What this task involves:
Look below for the line containing "3 bedroom flat"; from there, print each line exactly up to and including the line containing "MoneyGram Haas F1", and stop.

Provided data:
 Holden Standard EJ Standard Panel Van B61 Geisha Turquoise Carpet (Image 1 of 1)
--
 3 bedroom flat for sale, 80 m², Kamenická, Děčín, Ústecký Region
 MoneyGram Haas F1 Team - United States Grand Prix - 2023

Exercise solution:
 3 bedroom flat for sale, 80 m², Kamenická, Děčín, Ústecký Region
 MoneyGram Haas F1 Team - United States Grand Prix - 2023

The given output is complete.